The above plot shows survival ratios (with confidence intervals, 95% default) of male and females of various classes and also the places from where they embarked. In general we can see that females had a higher survival ratio than that of males. One more interesting trend is that people travelling in upper class (basically rich people) also had a higher survival ratio than those in lower classes.

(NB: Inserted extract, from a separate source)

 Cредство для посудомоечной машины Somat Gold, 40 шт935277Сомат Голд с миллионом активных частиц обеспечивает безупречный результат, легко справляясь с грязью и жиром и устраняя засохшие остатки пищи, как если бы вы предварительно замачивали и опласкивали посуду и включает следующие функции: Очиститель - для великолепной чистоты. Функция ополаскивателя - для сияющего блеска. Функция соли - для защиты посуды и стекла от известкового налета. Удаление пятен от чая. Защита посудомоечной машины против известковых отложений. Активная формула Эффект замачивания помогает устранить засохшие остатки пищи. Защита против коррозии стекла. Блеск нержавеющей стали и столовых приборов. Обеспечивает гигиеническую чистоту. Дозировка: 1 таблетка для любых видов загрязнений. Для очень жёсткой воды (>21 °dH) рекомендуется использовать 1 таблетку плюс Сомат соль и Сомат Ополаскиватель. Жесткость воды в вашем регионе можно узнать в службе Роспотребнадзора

A similar plot for the entire dataset (not grouped by embarked location) would look like this.

```
sns.factorplot(x="Pclass", y="Survived", kind="point",
hue="Sex", data=titanic_data,
markers=["^", "x"], linestyles=["-", "--"])
```

```
<seaborn.axisgrid.FacetGrid at 0x11b4ce550>
```

Again we will use Pandas to get the exact numbers in the plot.

```
# survival ratios based on class and emabarked location
grouped = titanic_data.groupby(["Sex", "Pclass", "Embarked"])
grouped["Survived"].mean()
```

```
Sex Pclass Embarked
female 1 C 0.973684
Q 1.000000
S 0.954545
2 C 1.000000
Q 1.000000
S 0.909091
3 C 0.687500
Q 0.500000
S 0.407895
male 1 C 0.444444
Q 0.000000
S 0.375000
2 C 0.125000
Q 0.000000
S 0.155556
3 C 0.280000
Q 0.071429
S 0.140187
Name: Survived, dtype: float64
```

```
# overall survival ratio based on class and gender
grouped = titanic_data.groupby(["Sex", "Pclass"])
survival_ratio = grouped["Survived"].mean()
# print all survival ratios
gender = ["male", "female"]
Pclass = [1, 2, 3]
for i in range(len(gender)):
for j in range(len(Pclass)):
print "Class {}, {} survival ratio: {:.2f}".format(Pclass[j],
gender[i].title(), survival_ratio[gender[i], Pclass[j]])
```

```
Class 1, Male survival ratio: 0.40
Class 2, Male survival ratio: 0.15
Class 3, Male survival ratio: 0.15
Class 1, Female survival ratio: 0.96
Class 2, Female survival ratio: 0.92
Class 3, Female survival ratio: 0.46
```

Although we didn’t plot the overall survival ratios for both genders (we plotted their counts), we will also find the overal survival ration based on gender.

```
# survival ratio based on gender
grouped = titanic_data.groupby(["Sex"])
survival_ratio = grouped["Survived"].mean()
print "Female survival ratio: {:.2f}".format(survival_ratio['female'])
print "Male survival ratio: {:.2f}".format(survival_ratio['male'])
```

```
Female survival ratio: 0.75
Male survival ratio: 0.21
```

That was all about counts and ratios of the overall passengers who survived, but we haven’t yet analyzed the “ages” of passengers and how age relates with survival statistics.

```
facet_grid = sns.FacetGrid(titanic_data, col='Survived', row='Sex')
facet_grid.map(sns.boxplot, "Pclass", "Age")
```

```
<seaborn.axisgrid.FacetGrid at 0x11c6d0dd0>
```

From the plots we can observe that, age of the passengers surviving tends to be on the younger side on average, but still there are exceptions like in case of passenger class 1 females. The mean age for passenger class 1 females, who survived is more than that of who died.